И выдумал Гозмоз еще раз, но теперь уже разместил его внутри собственного сознания; это показалось ему не в пример скромнее, приличнее и основательней, а к этому он и стремился. И стал он заполнять этот свой Гозмоз всякой помышленной всячиной. Сперва, не имея еще сноровки, выдумал моленцев, что занимались выдрючиваньем чего ни попало, а также заголенцев, что питали пристрастие к слюпсам. И сразились немедля заголенцы с моленцами из-за слюпсов, да так, что у Далдая-мусорника голова разболелась, и кроме мигрени, ничего из этого сотворения мира не вышло.

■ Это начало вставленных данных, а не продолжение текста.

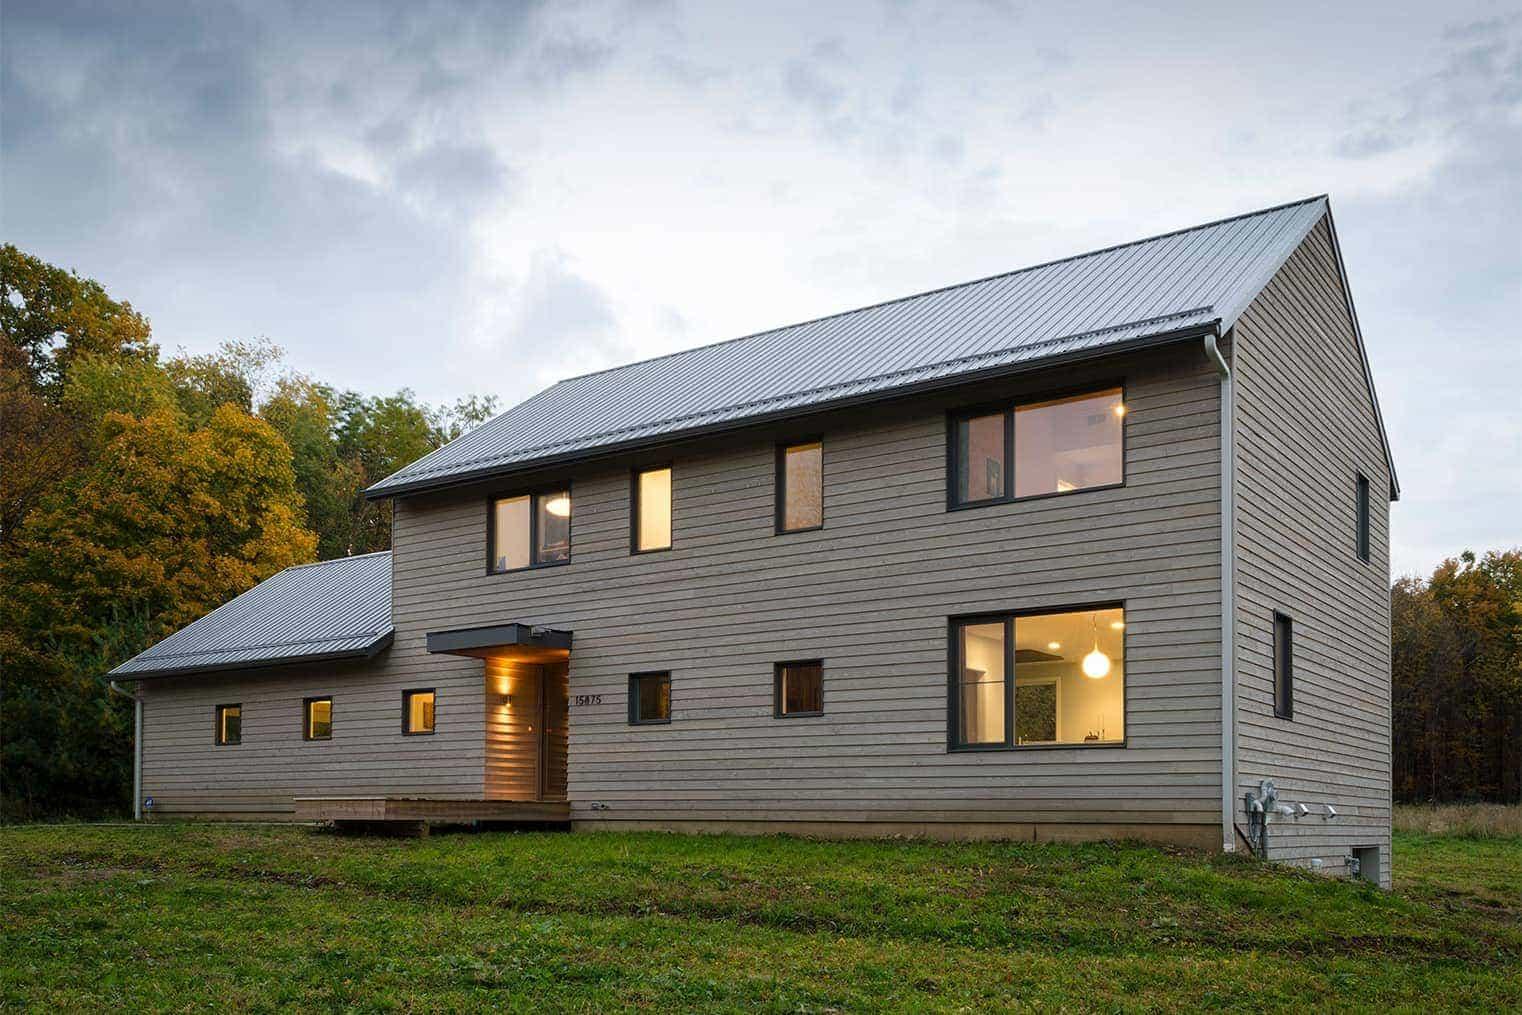 The Modern Farmhouse

Взялся он за сотворенье опять, теперь уже осмотрительней, и выдумал первоэлементы, а именно: благородный газ, он же элемент совершенный — Кальцоний, и первоэлемент духовный — Мышлений, и множил за бытием бытие, ошибаясь время от времени, но через пару веков наловчился настолько, что вполне капитально построил в мыслях собственный Гозмоз, разместив в нем различные племена, существа, бытии и явления, и жилось там очень неплохо, поскольку законы этого Гозмоза учинил он весьма либеральными: ему пришлась не по нраву идея неумолимой закономерности, этого казарменного распорядка, без которого Мать-Природа ни шагу (впрочем, о ней ничего он не знал и не ведал).

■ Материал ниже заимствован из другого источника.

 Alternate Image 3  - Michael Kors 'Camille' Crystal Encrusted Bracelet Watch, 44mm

Поэтому был Самосынов мир полон чудотворных капризов: один раз делалось в нем что-то так — и все тут, а другой раз — этак, совершенно иначе, тоже безо всякой причины. А если кому-нибудь там предстояло погибнуть, всегда еще можно было этого избежать, поскольку Далдай решил не допускать необратимых событий. И прекрасно жилось в его мыслях мондрецам, драконьерам, что добывали Кальцоний, и клофундрам, и добрианне, и обретонцам — столетия целые. Между тем отвалились мусорные руки его и отбросные ноги, и ржавчиной окрасилась в луже вода вокруг прекрасного некогда стана, и корпус погружался мало-помалу в грязную глину. А он как раз со вниманием и любовью новые созвездья развешивал в вечном мраке сознания своего, что служило ему целым Гозмозом, и, как умел, бескорыстно старался все созданное его помышлением в памяти удержать; и хотя болела от этого голова, он не сдавался, ибо чувствовал, что нужен своему Гозмозу и всерьез за него отвечает. Тем временем ржавчина прогрызала верхнюю его жесть, о чем он, понятно, не знал, а донный черепок Трурлева горшка (того самого, что дал ему жизнь тысячелетья назад), колыхаясь на грязной волне, понемногу приближался к Далдаю, который одним лишь несчастным лбом еще высовывался из лужи. И как раз в ту минуту, когда Далдай пригрезил себе кроткую прозрачно-стеклянную Бавкиду и верного ее Ондрагора, что странствовали средь темных солнц воображения его при всеобщем молчании народов гозмозовых, включая моленцев, и тихо меж собою перекликались, — проржавевший череп лопнул от легкого удара горшка, сдвинутого порывом ветра, хлынула жижа коричневая в сердцевину медных витков и погасила электричество логических контуров, и обратился Гозмоз Далдаев в небытие, совершеннее которого ничего нет. А те, что ему положили начало и целому скопищу миров заодно, никогда не узнали об этом.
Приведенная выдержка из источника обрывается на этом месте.